Father, we are so grateful for the rope holders who’ve helped pull us out of despairing situations.  Those who have given us an uplifting message, interceded in prayer on our behalf, given of their time and expertise to help us in our dilemma.  We too want to be a rope holder and offer a word of encouragement, be a listening ear, and extend tender compassion and mercy to one in need.  Help us to be Your hand extended to those in need we pray.  Amen.

“So put away all malice and all guile and insincerity and envy and all slander. Like newborn babes, long for the pure spiritual milk, that by it you may grow up to salvation; for you have tasted the kindness of the Lord” (1 Pet. 2:1-3).

Kindness is the honey that dulls the sting of unkindness when we receive it from another. A kind word can conquer anger, calm the spirit, and even start a friendship.

Christians should be kind. But kindness is not exclusively Christian. Rather it is as broad and old as humanity. The Greek playwright Sophocles alluded to the naturalness of kindness when he said, “Kindness gives birth to kindness.” The Roman emperor Marcus Aurelius understood the personal as well as the social benefits of kindness. “Ask thyself daily,” he wrote, “to how many ill-minded persons thou hast shown a kind disposition.” Goethe viewed kindness as the “golden chain by which society is bound together.” The fact that the word kindness is derived from the Old English gecynde, meaning natural, is a good indication that kindness is a very natural virtue.
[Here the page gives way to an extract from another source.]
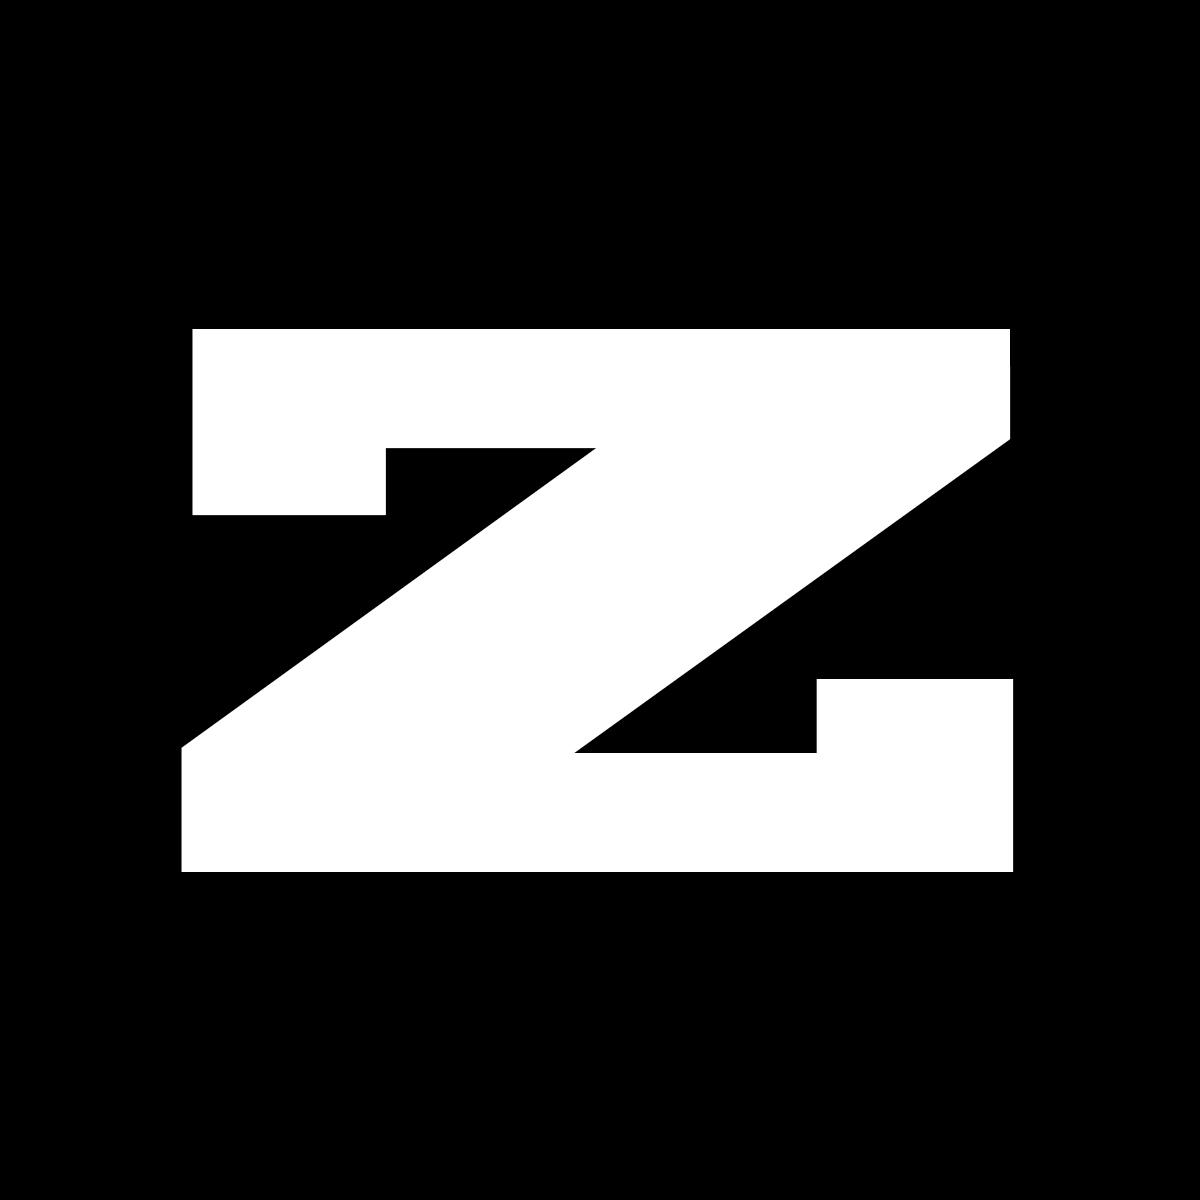 ZuSko - Tracks

Shakespeare’s immortal and oft-quoted phrase, “the milk of human kindness” (Macbeth, act 1, scene 5), also attests to the naturalness of kindness, especially with regard to its manner of nourishment.

In the contemporary world, we commonly hear reference to “random acts of kindness.” The expression was coined, presumably, to counteract “random acts of violence.” Nonetheless, acts of kindness are not fully themselves if they are random and impersonal. They should be well-placed and personal. “How truly is a kind heart a fountain of gladness,” wrote Washington Irving, “making everything in its vicinity to freshen into smiles.” No other virtue is better identified with the heart. Kindness and kindheartedness are synonymous, as are kind and kindhearted.

Small acts of watchful kindness are seldom performed in vain. And they have a marvelous proclivity for engendering successive acts of kindness. Moreover, kindness is versatile in its manner of expression. The kind look, gesture, or word can be as beneficial as the kind deed.

The expressions of kindness may be simple and undramatic. The results, however, can be decisive and most dramatic.  Kindness, truly, can save lives.